ECE2015 Oral Communications Neuroendocrinology and pituitary-basic (5 abstracts)
1Erasmus Medical Center, Rotterdam, The Netherlands; 2Erasmus MC Sophia, Rotterdam, The Netherlands; 3Growth Research Foundation, Rotterdam, The Netherlands.
Introduction: POU1F1 is a pituitary transcription factor, critical for differentiation of pituitary somatotrophs, thyrotrophs and lactotrophs. POU1F1 expression depends on the presence of PROP1, which attenuates expression of transcriptional repressor HESX1. Previous mutation screening of POU1F1 coding exons in our cohort of patients with combined pituitary hormone deficiency (CPHD) showed POU1F1 mutations in only 1% of the families. We hypothesised that defects in the regulatory region of POU1F1 might explain the phenotype of CPHD.

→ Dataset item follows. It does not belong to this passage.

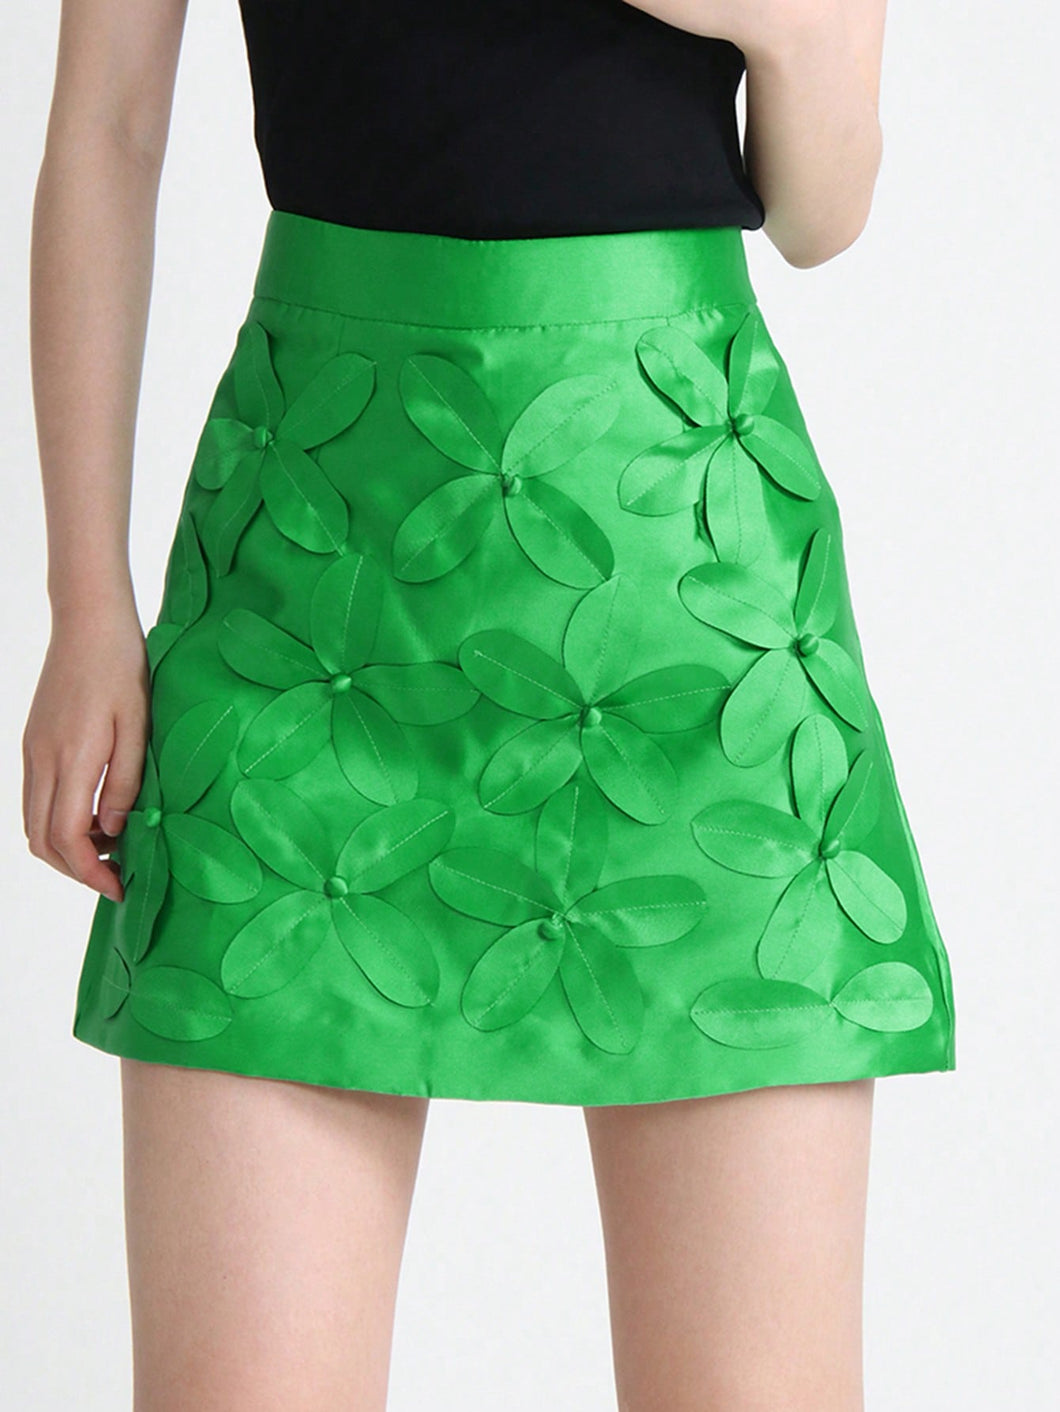 High Waist Floral Appliques Skirt

Patients and methods: We screened the regulatory regions of POU1F1, as well as those of PROP1 and HESX1 among 87 patients with CPHD (62M/25F). Since patients with HESX1 mutations can initially present with IGHD only, we also screened 92 patients with IGHD (64M/28F). We compared genotype frequencies in our CPHD cohort with those found in controls from the 1000 genomes project and we studied PROP1 and POU1F1 promoter SNPs in relation to phenotypic data.

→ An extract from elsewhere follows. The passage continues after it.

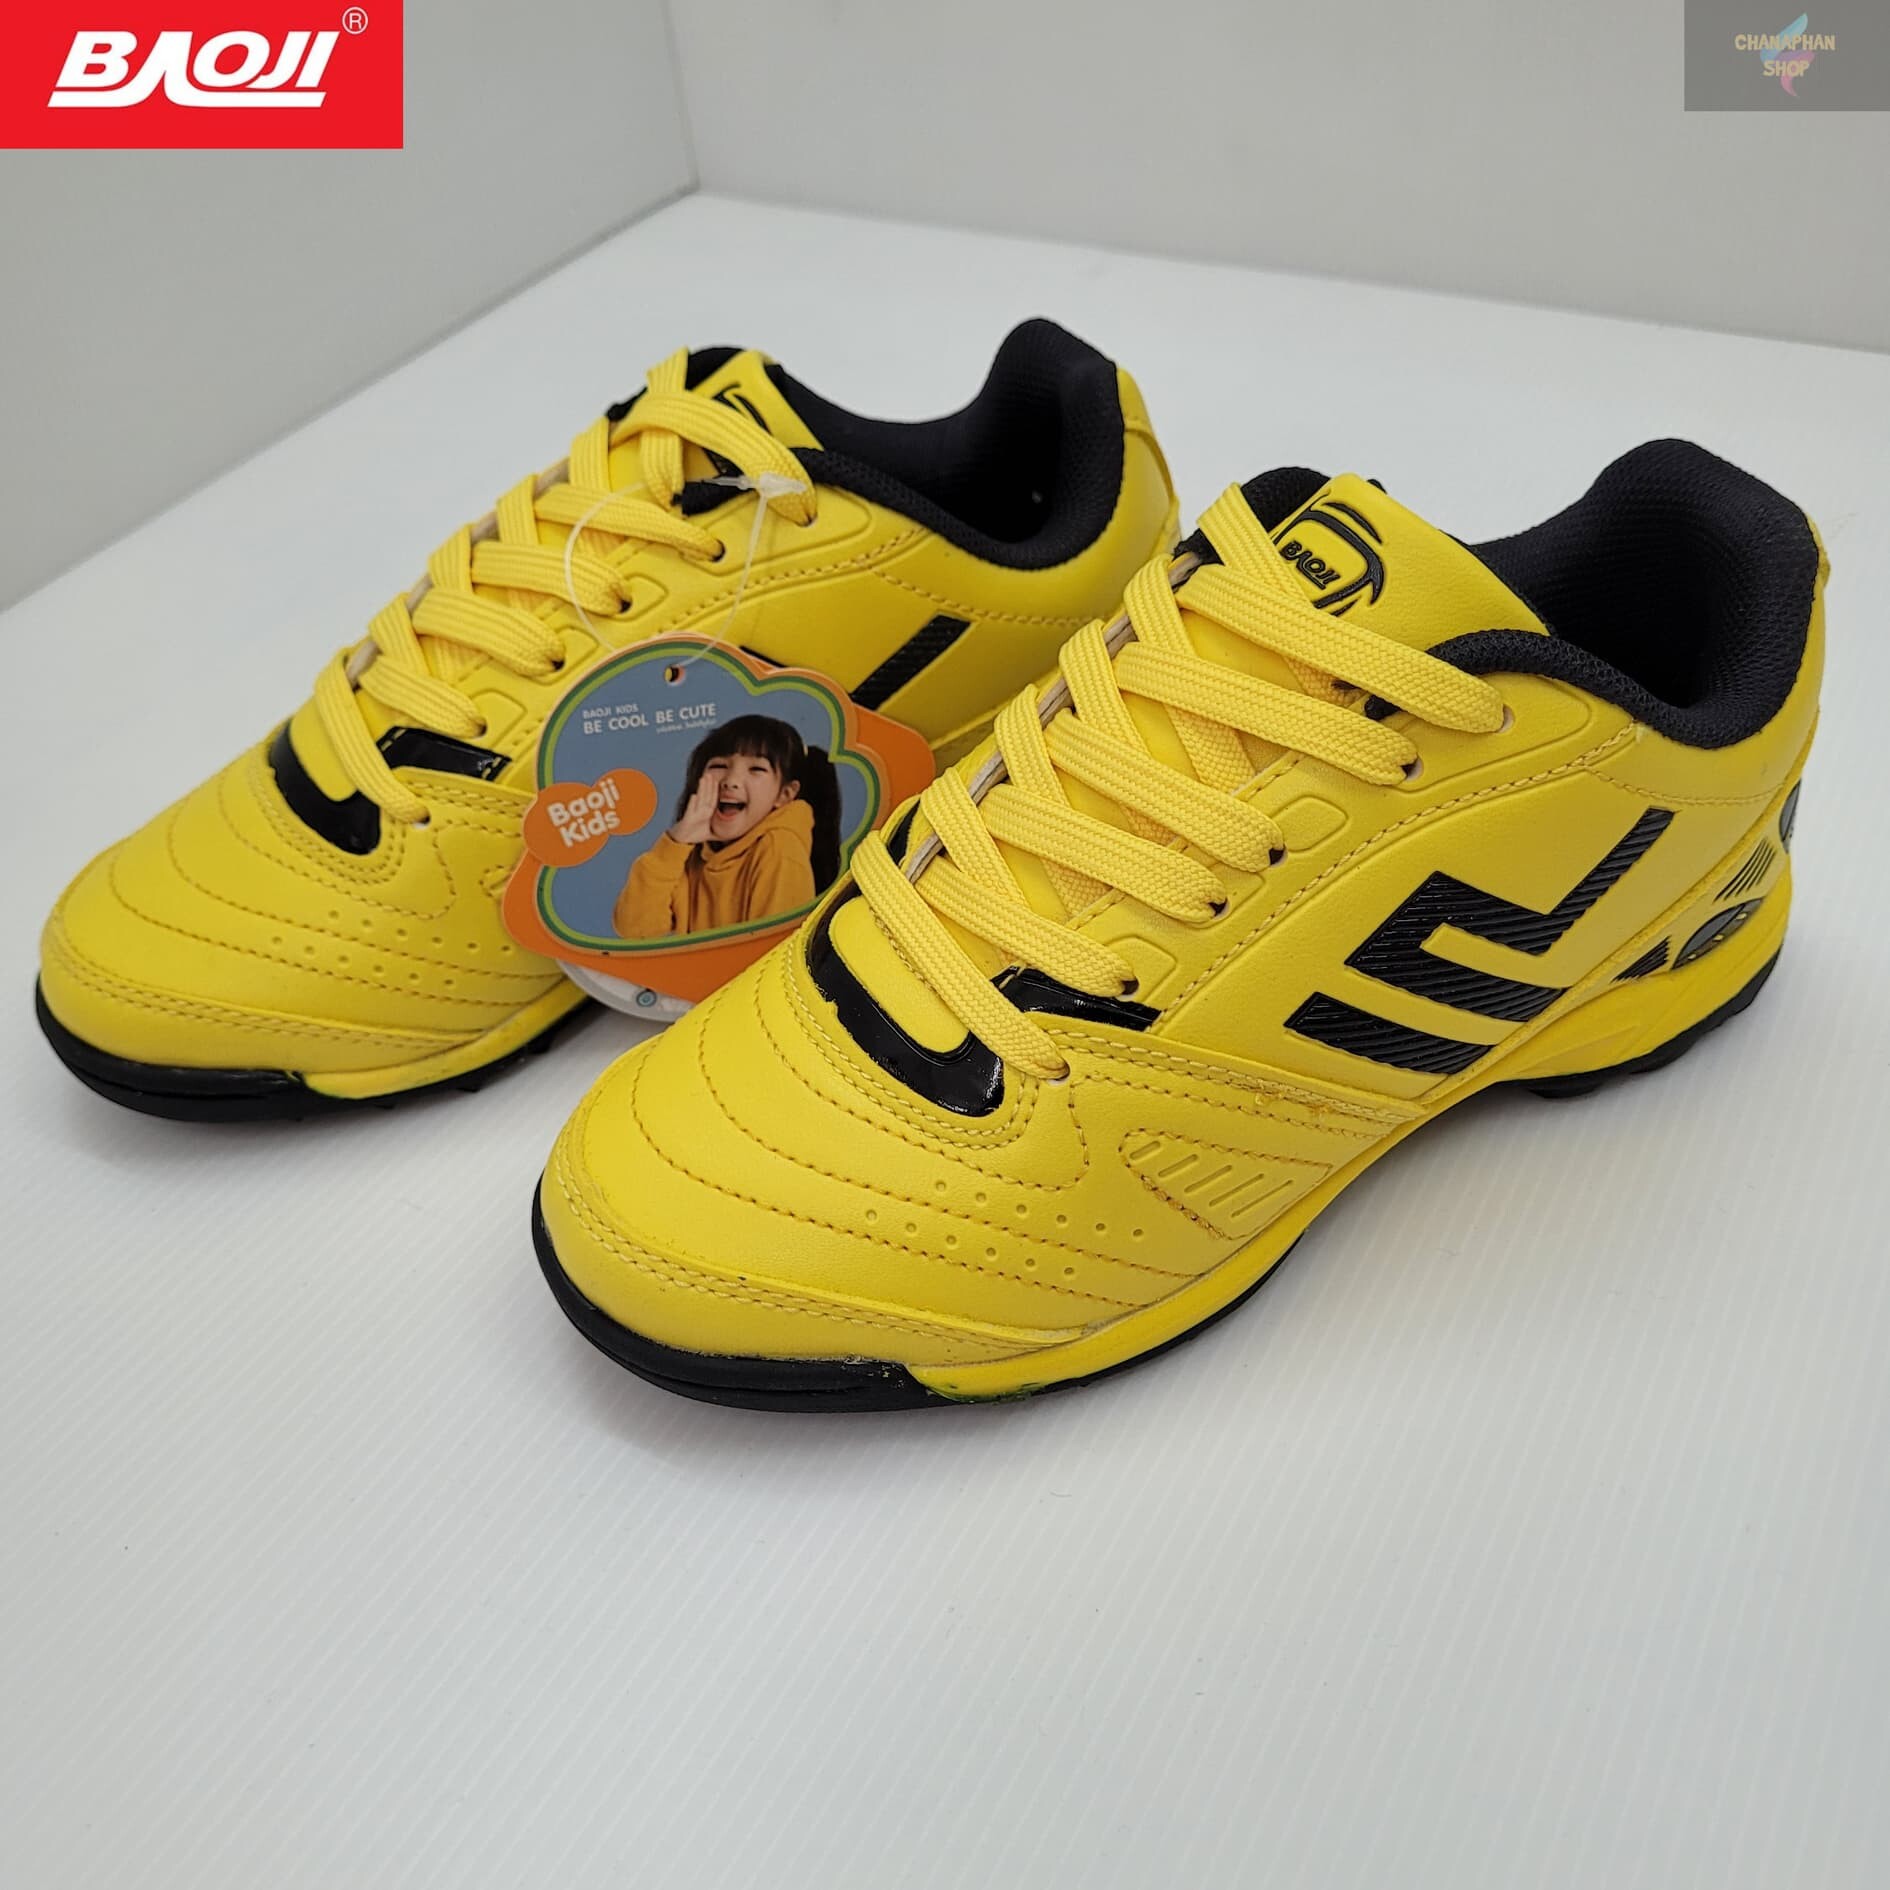 Baoji ของแท้ 100% รองเท้าฟุตซอลเด็ก รุ่น GH866 สีเหลือง SIZE 31-36

Results: We found a new variant in the POU1F1 promoter. We are currently performing promoter-luciferase reporter assays, since in silico analysis of the new variant showed potential effects on promoter activity by creating a new binding site for several transcription factors. In addition, we found two known SNPs in the POU1F1 promoter and six known SNPs in the PROP1 promoter. We did not find any variant in the HESX1 promoter. Rs148607624, a three nucleotide deletion in the PROP1 promoter which has previously been associated with CPHD, showed a relation with IGF1 levels in our CPHD patients.
Conclusion: We screened the regulating regions of pituitary transcription factors POU1F1, PROP1 and HESX1 in our cohort of CPHD patients and found a new variant in the POU1F1 promoter region. We will present detailed phenotypic data of the patient carrying the new variant. We will show the impact of the new variant on POU1F1 promoter activity.